俺と話した後、彼は一週間考えて、最終的に新しい部署に行くことに決めた。
この間彼に会って、調子はどうか聞いてみた。彼は「疲れるのは本当だ、前よりずっと疲れる。でも価値はあるよ。関わる仕事も変わったし、視野も広がった」と言った。そして「今振り返ると、あのときあんなに悩んだのが馬鹿みたいだ——行かなかったら、5年経っても今のままだっただろうな。行って、もしうまくいかなくても、少なくとも見識は広がった」とも言ってた。
俺は「それでいいんだよ。見竜在田ってのは、お前が野原に行かなきゃ、龍もお前を見つけられないってことだ。ずっと小さな水たまりにいたら、龍が探しに来ても見つからないだろ」と言った。

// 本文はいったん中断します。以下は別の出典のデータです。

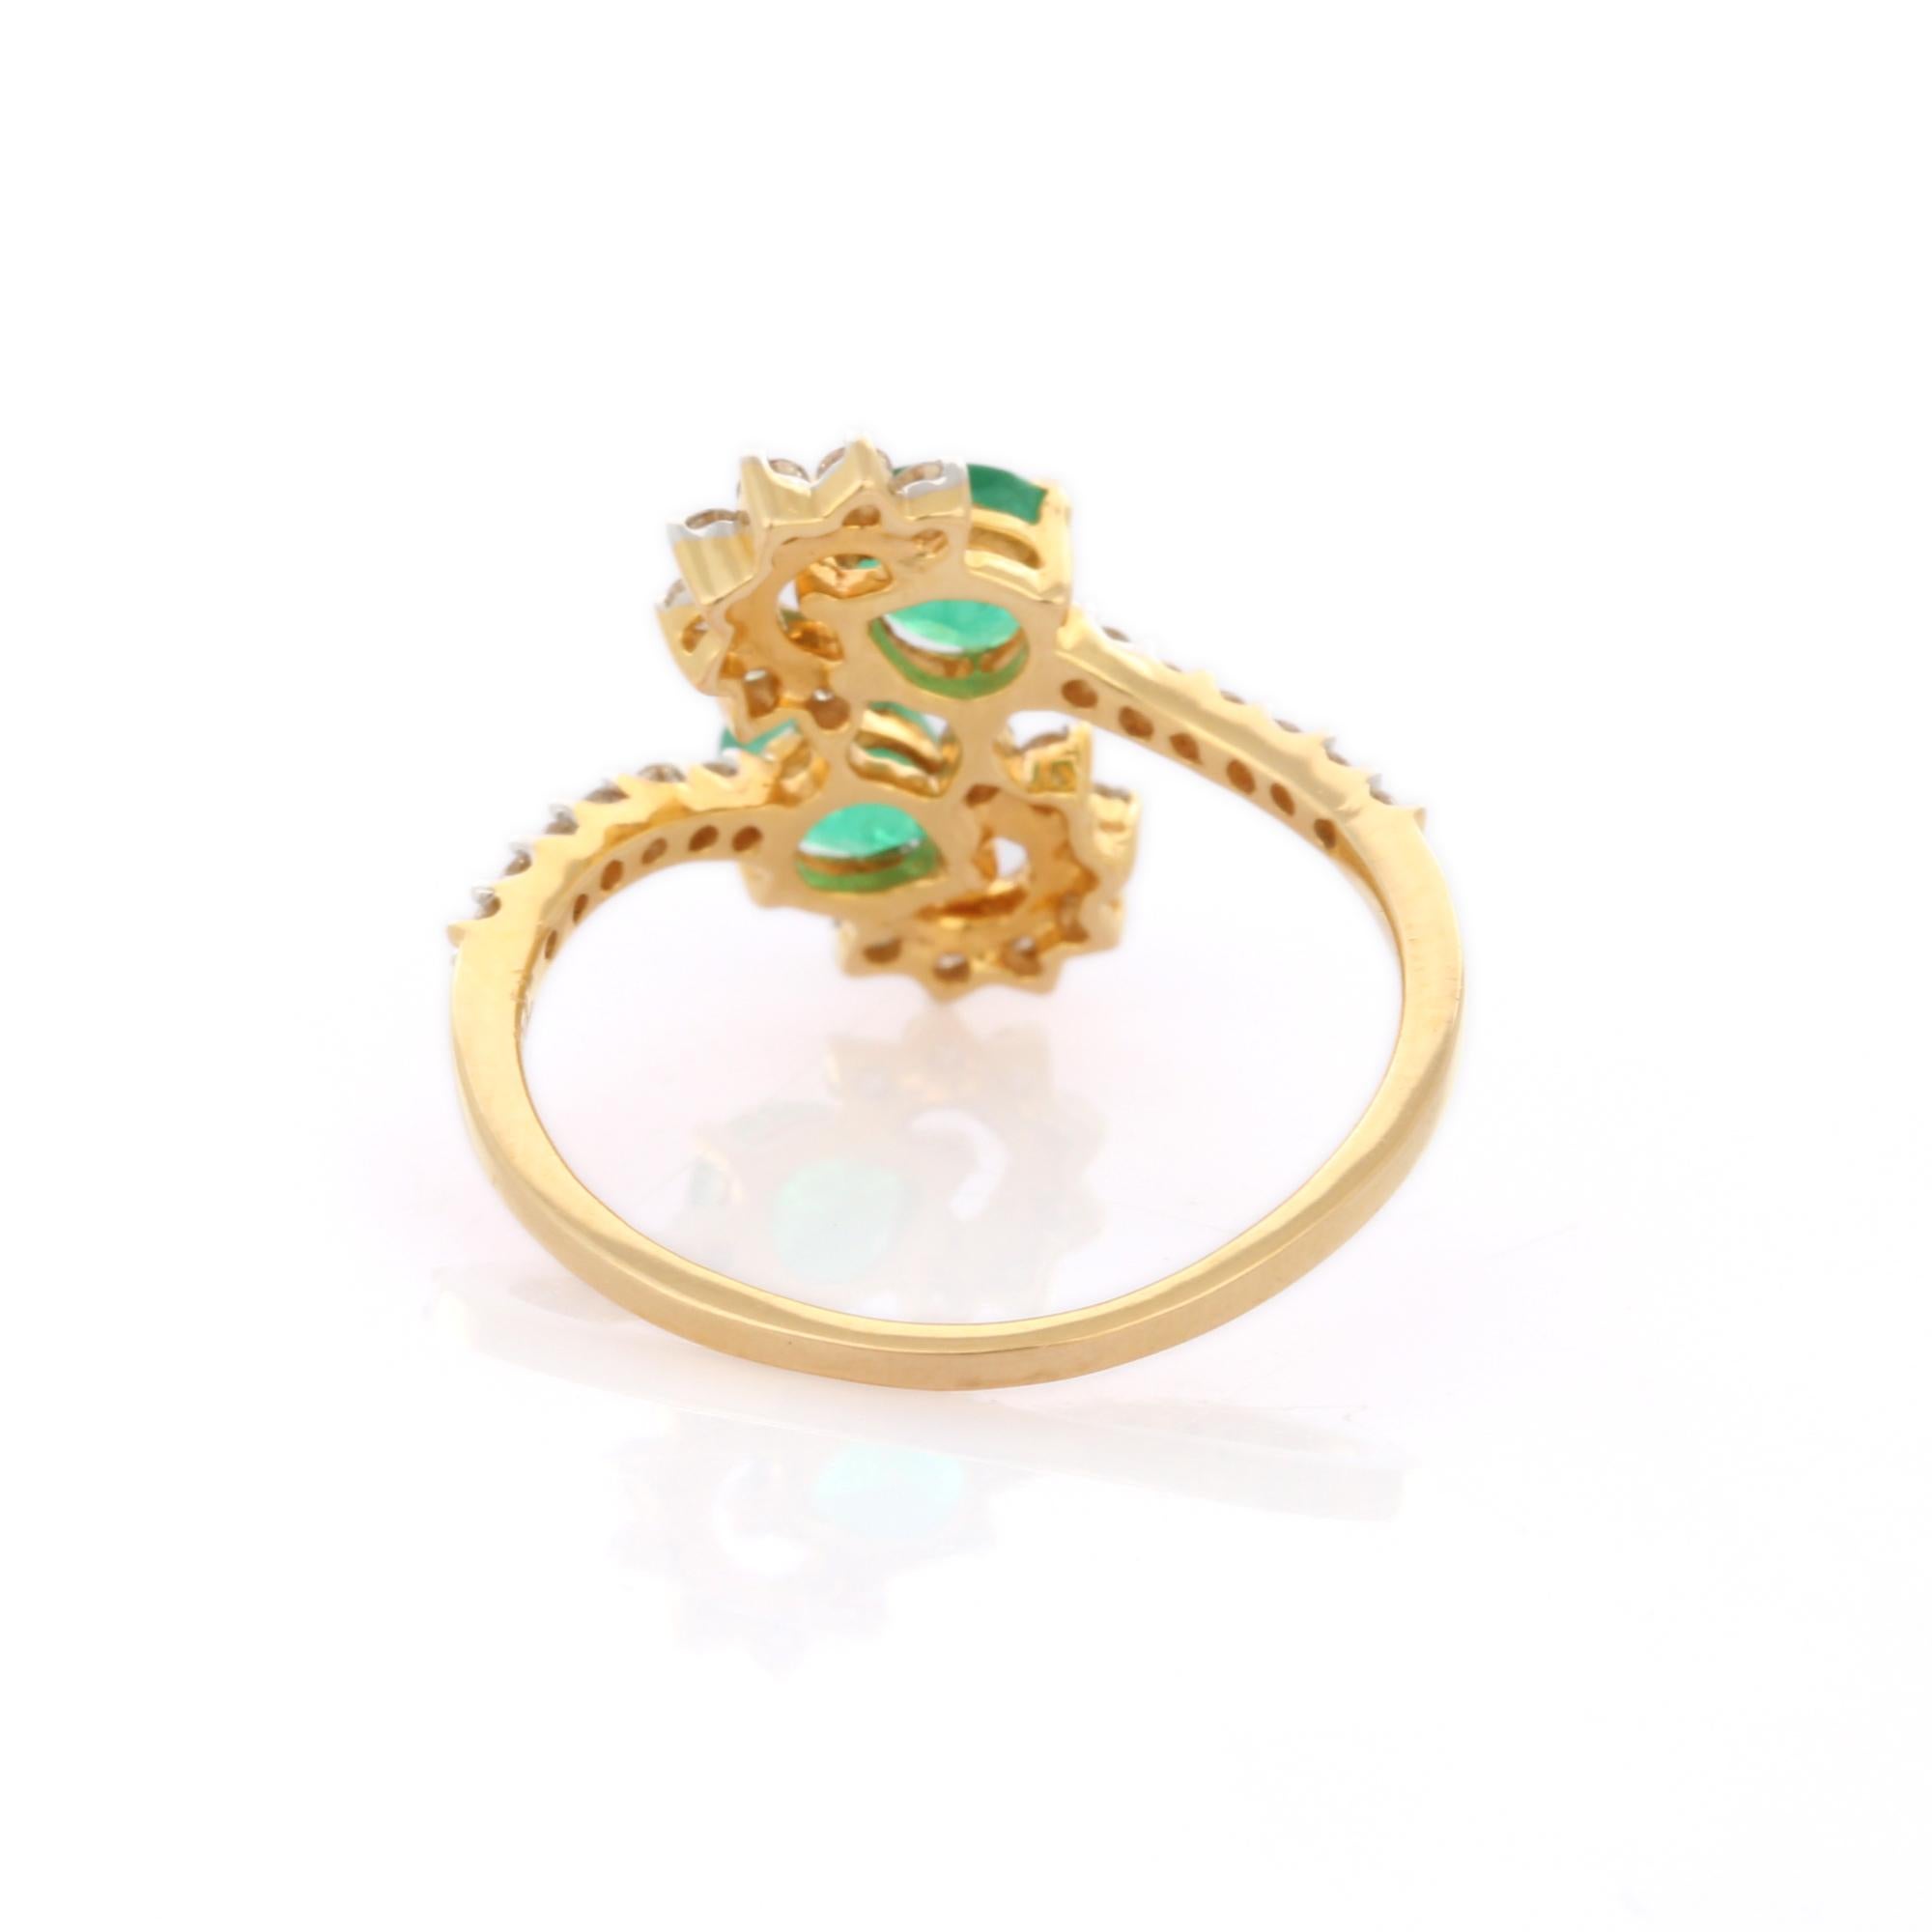 For Sale:  Exquisite Pear Cut Emerald and Diamond Open Ring in 18K Yellow Gold for Her 4
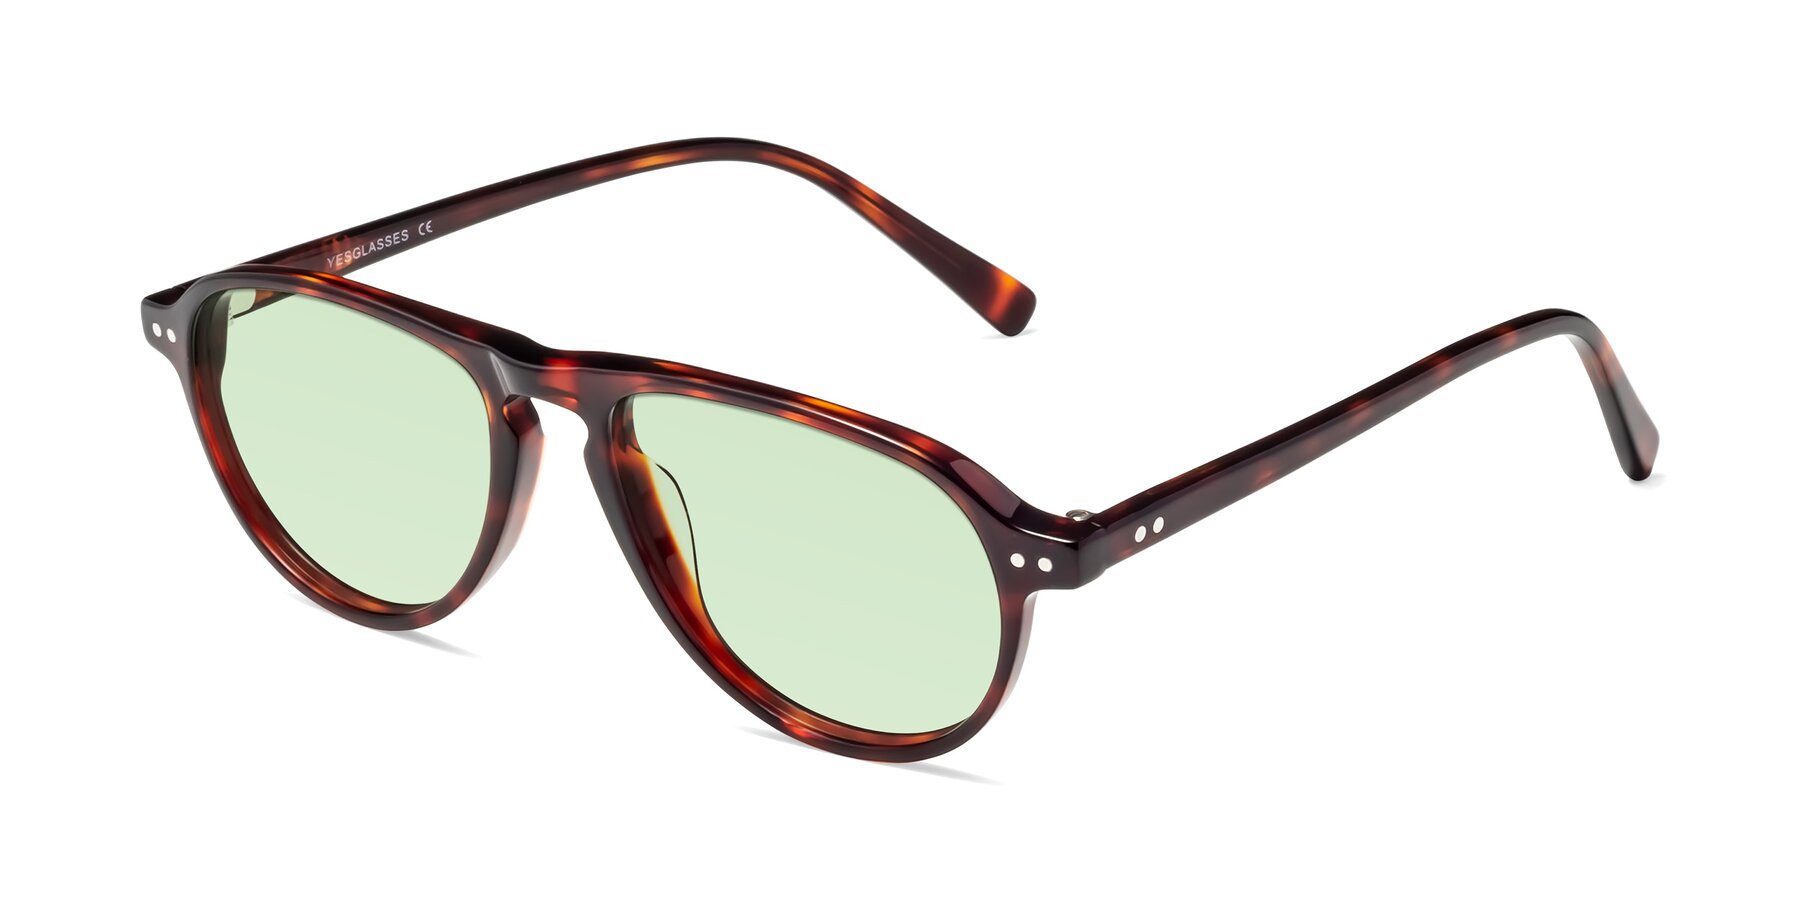 Angle of 17544 in Burgundy Tortoise with Light Green Tinted Lenses

彼は笑って「その言い方、なんか俺が獲物みたいじゃん」と言った。
俺は言った。「人生って時々そういうものだよ。自分がチャンスを探してると思ってるけど、実はチャンスの方がお前を探してるんだ。だけどお前は、チャンスに見つけてもらえる場所に立たなきゃいけない」
時代は変わって、方法はどんどんシンプルになっていく。でも一つだけ、ずっと変わらないことがある——チャンスはいつだって、準備のできている人に与えられる、ってことだ。
だけど準備だけじゃ足りない。チャンスが来たとき、勇気を出して一歩踏み出さなきゃいけない。
一歩踏み出して初めて、見つけてもらえる。見つけてもらって初めて、引き立ててもらえる。引き立ててもらって初めて、大きく飛躍できる。
全部、一歩ずつ積み重ねていくものなんだ。
だから、もし最近あなたも悩む選択に直面しているなら——新しい仕事、新しいプロジェクト、新しい人間関係——「負けたらどうしよう」ばかり考えないでほしい。
「もしうまくいったら?」って考えてみるのもいいんじゃないかな。
たとえうまくいかなくても、今より悪くなることなんてないだろ?
見竜在田。野原はそこにある。あとは、あなたがそこに上がっていくかどうか、だけだ。